═══ Recorded information ═══

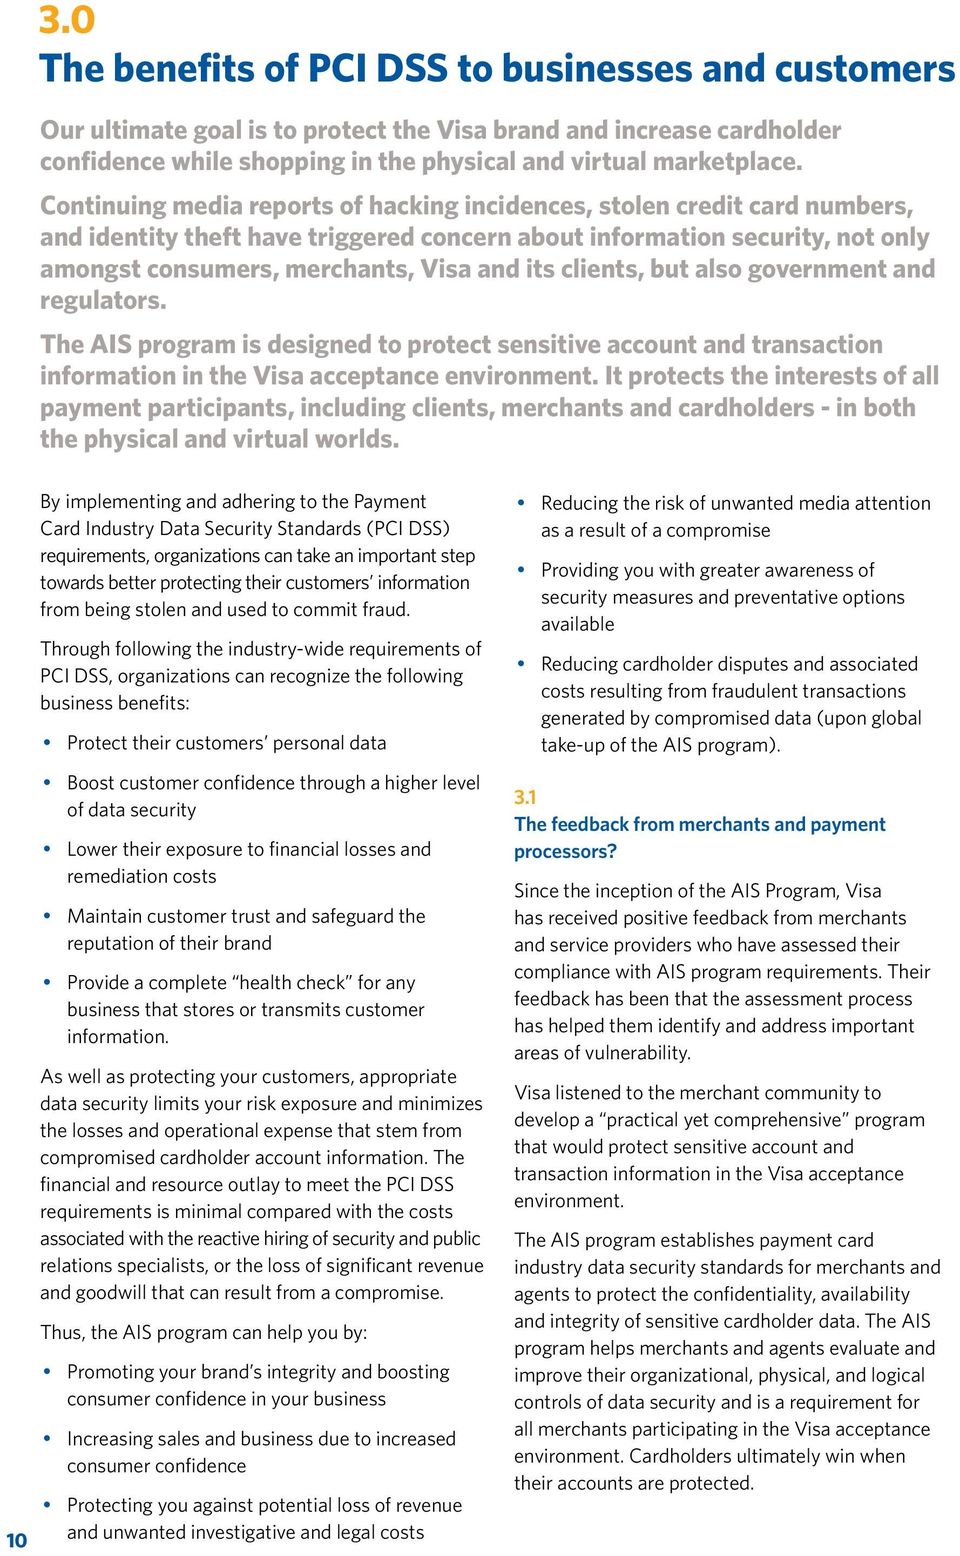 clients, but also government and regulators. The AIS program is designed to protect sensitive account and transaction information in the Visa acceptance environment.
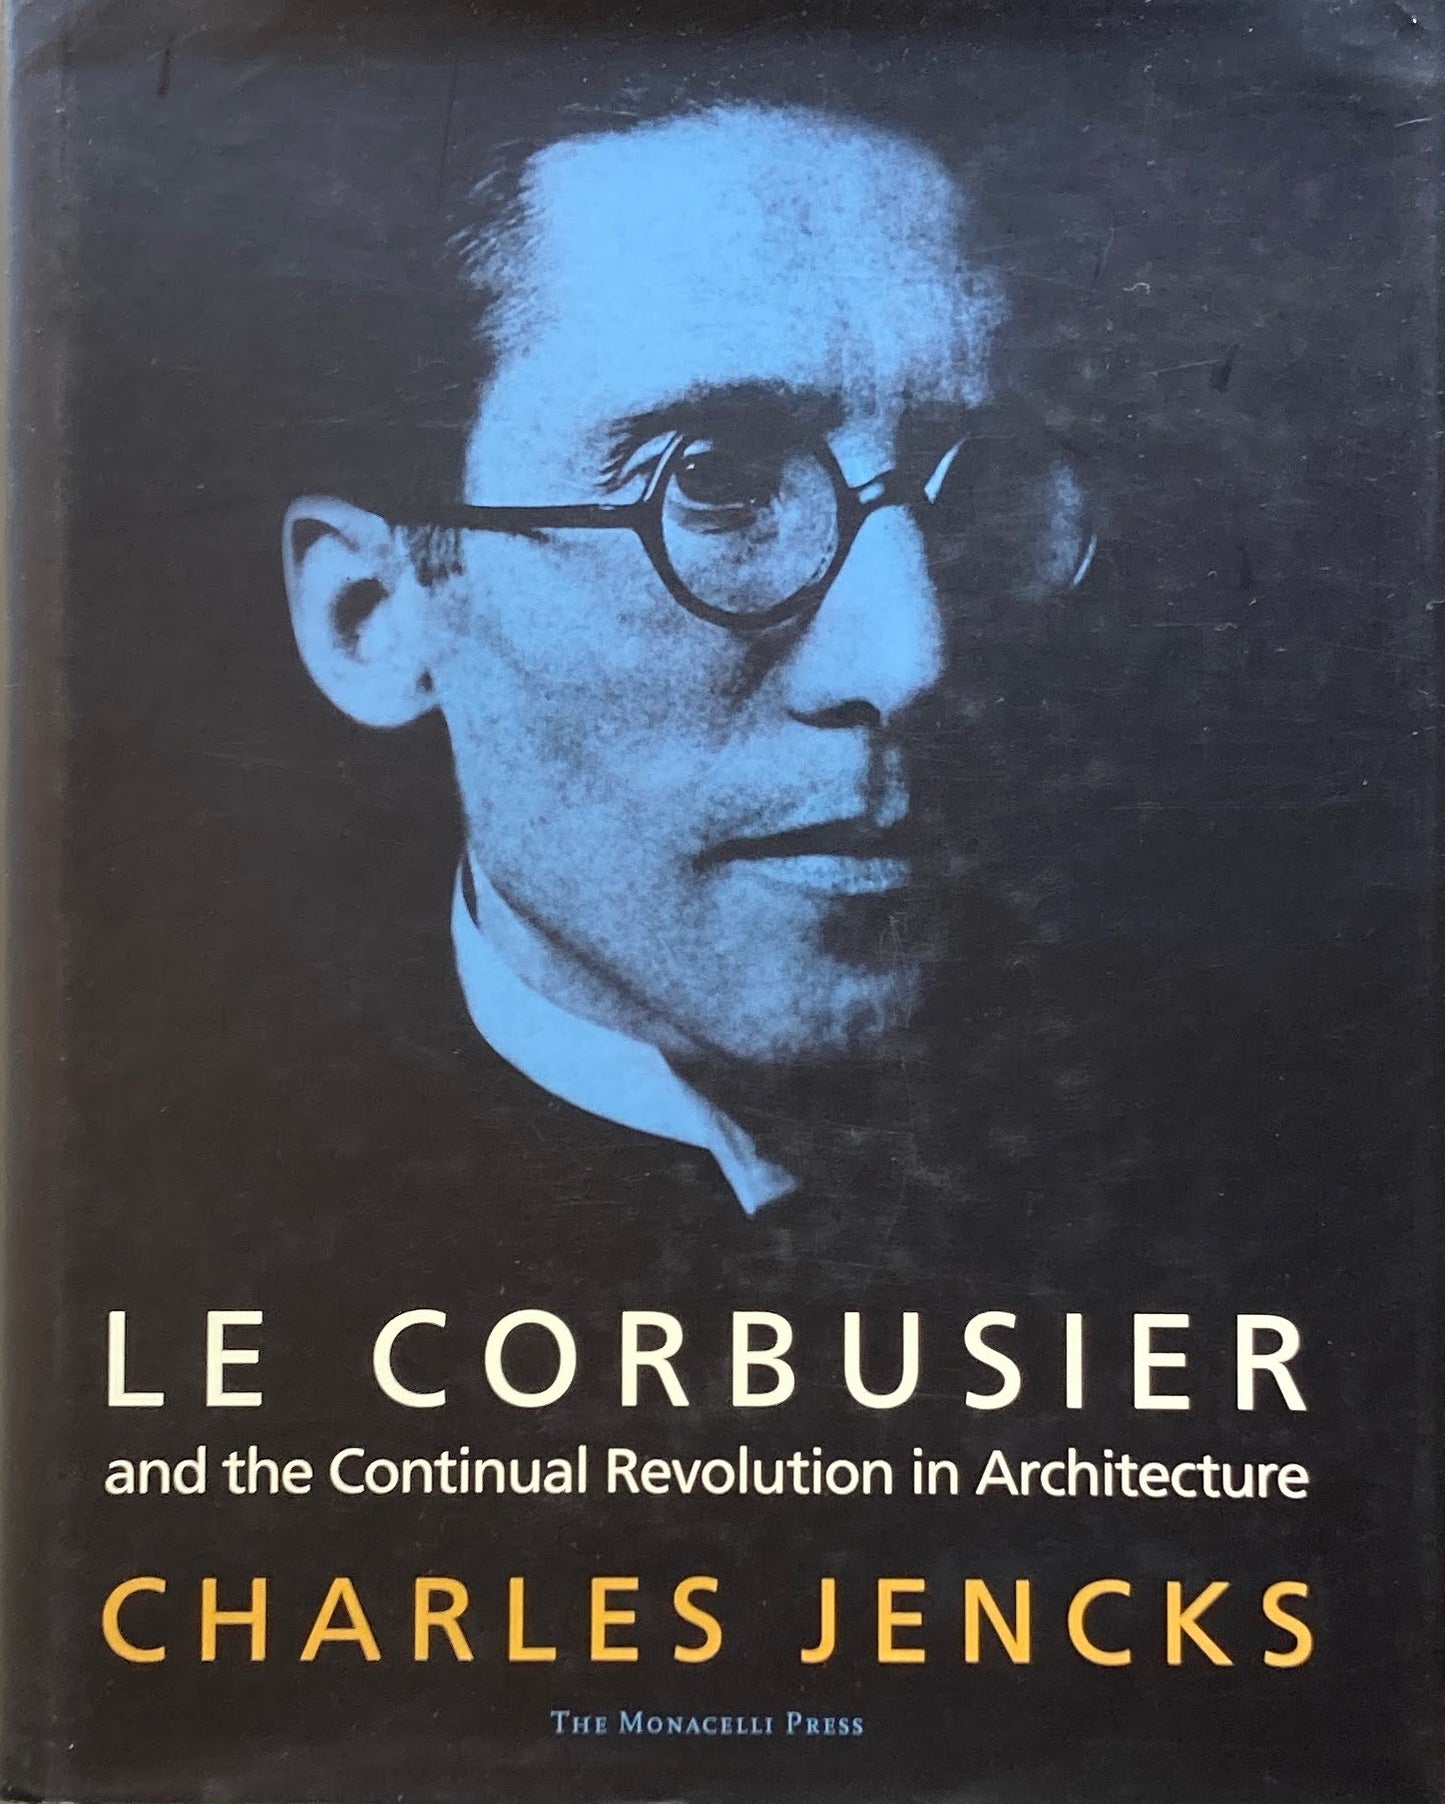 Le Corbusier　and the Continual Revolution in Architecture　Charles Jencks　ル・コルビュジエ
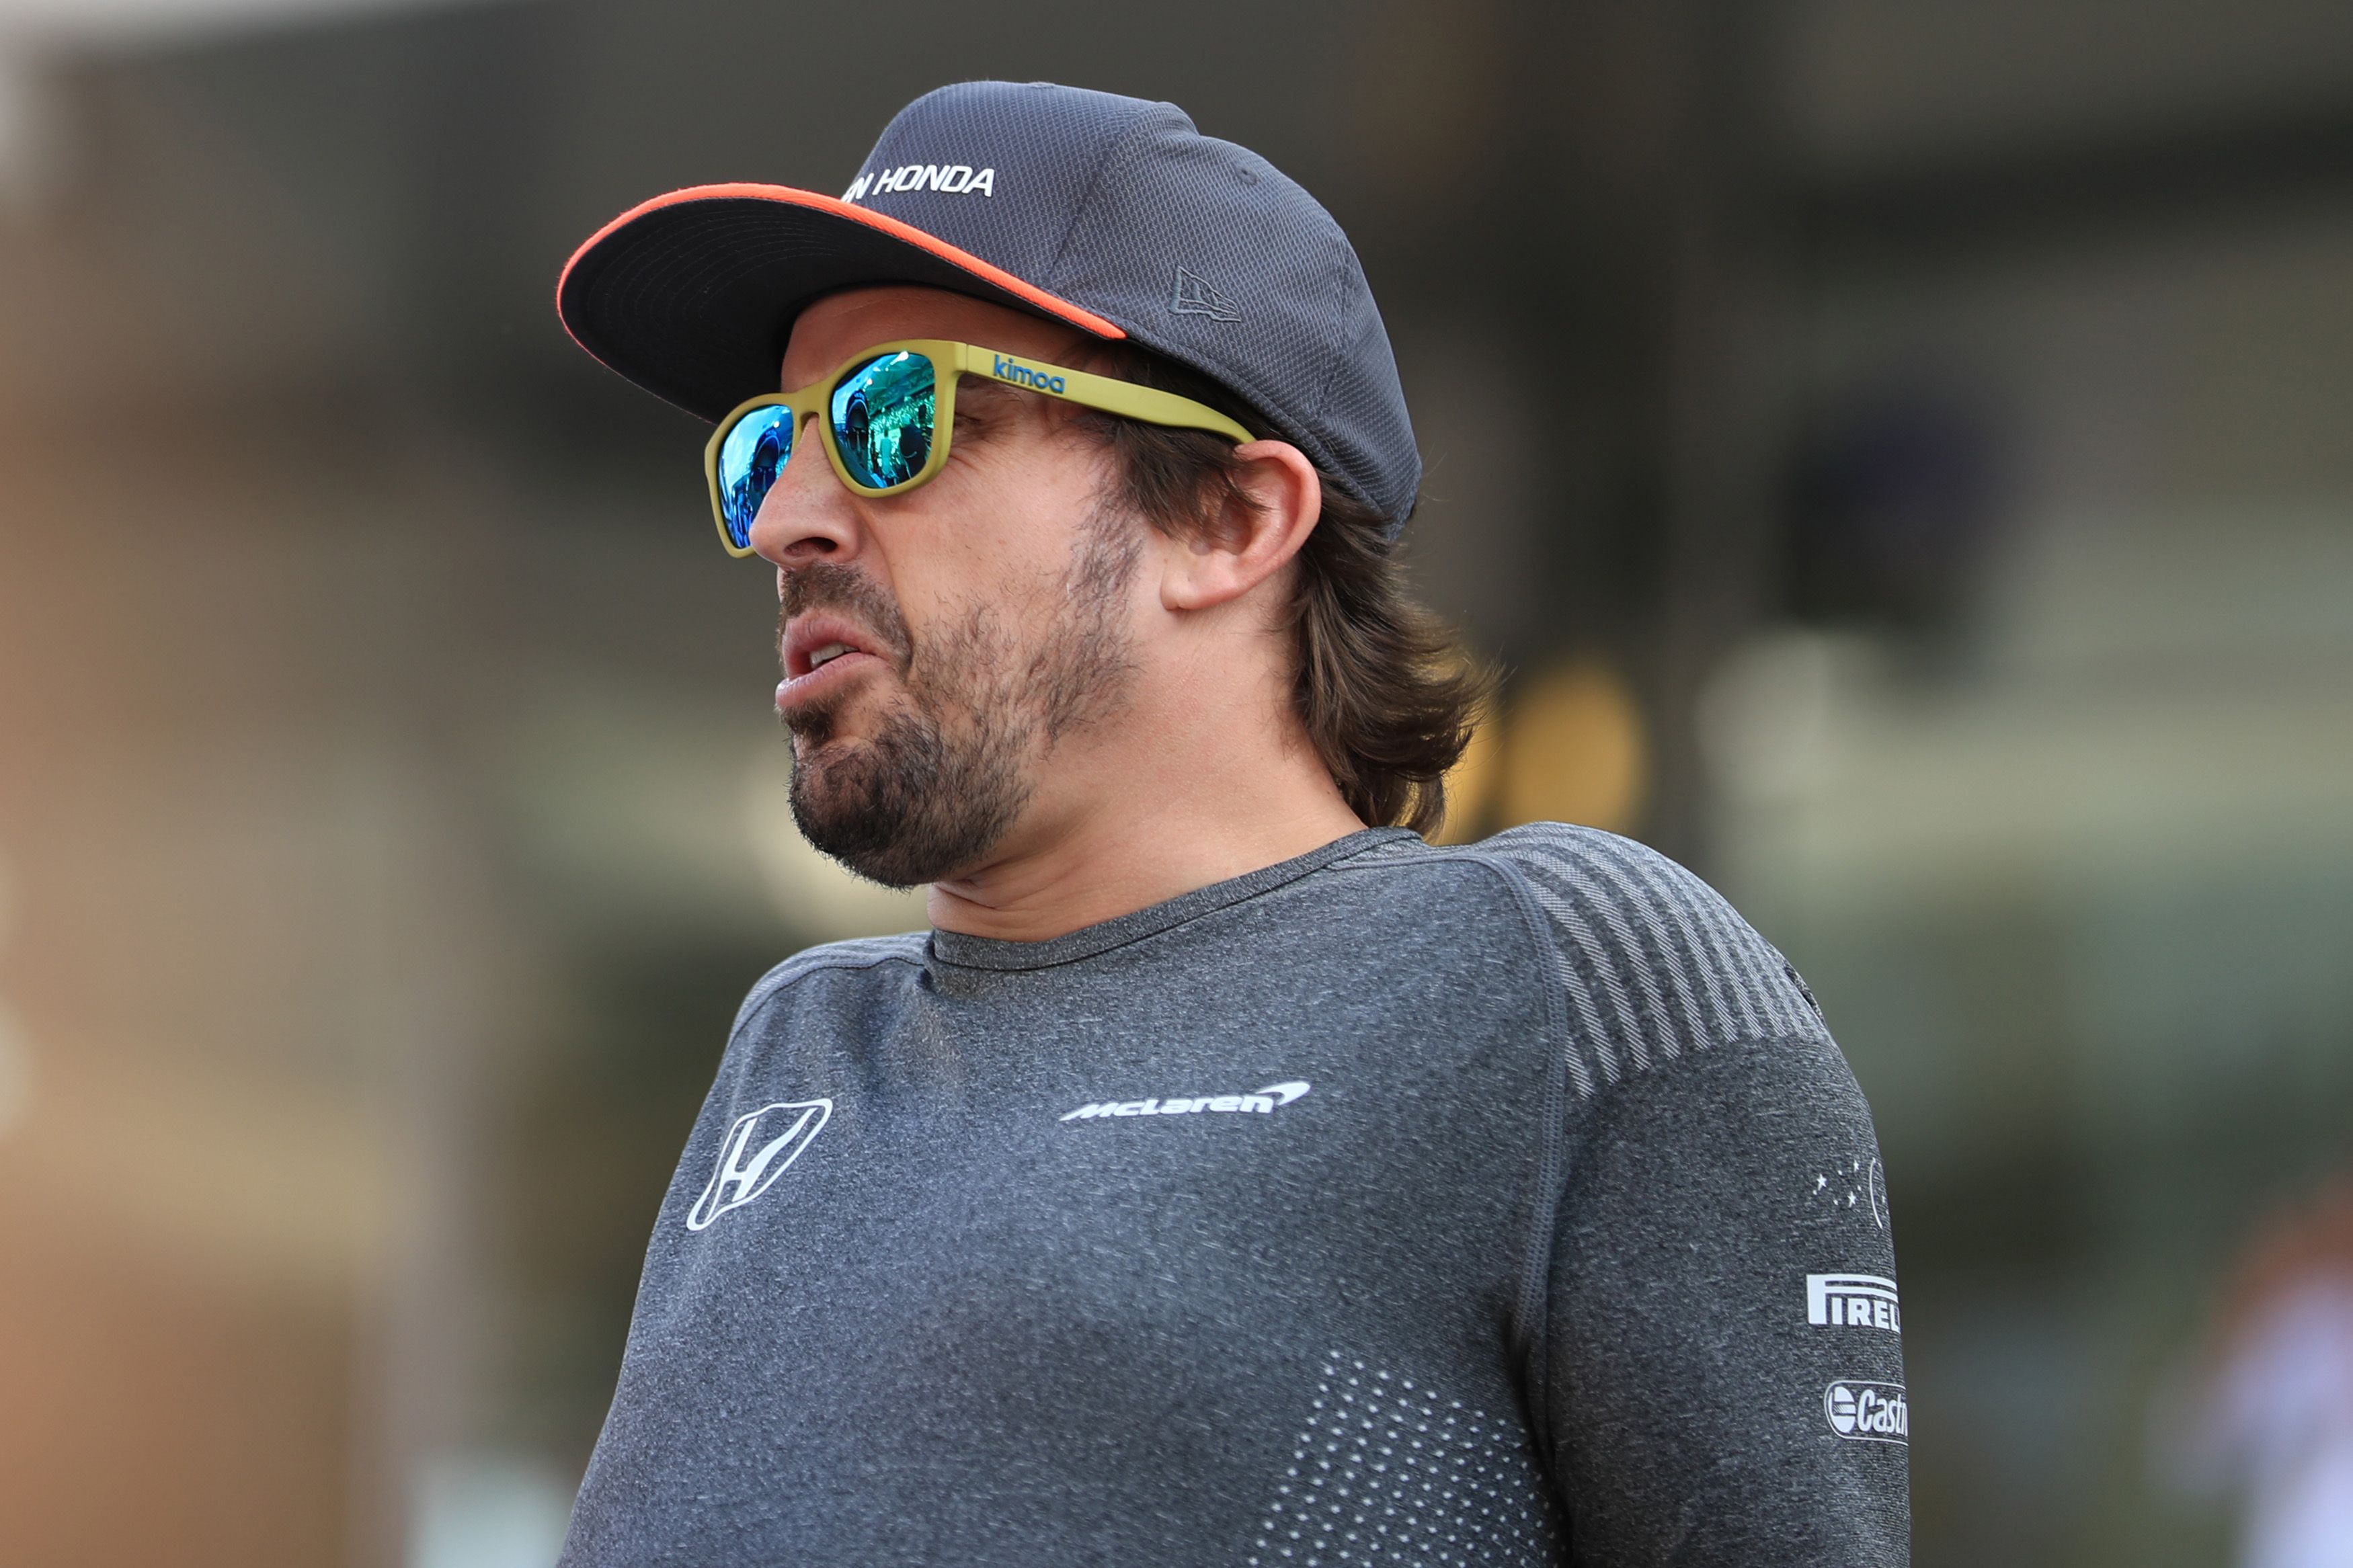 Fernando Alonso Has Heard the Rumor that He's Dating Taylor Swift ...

═══

Each line of the material is to be output exactly. Images are not part of the expected output.

• _Exercise solution_:
 clients, but also government and regulators. The AIS program is designed to protect sensitive account and transaction information in the Visa acceptance environment.
 Le Corbusier　and the Continual Revolution in Architecture　Charles Jencks　ル・コルビュジエ
 Fernando Alonso Has Heard the Rumor that He's Dating Taylor Swift ...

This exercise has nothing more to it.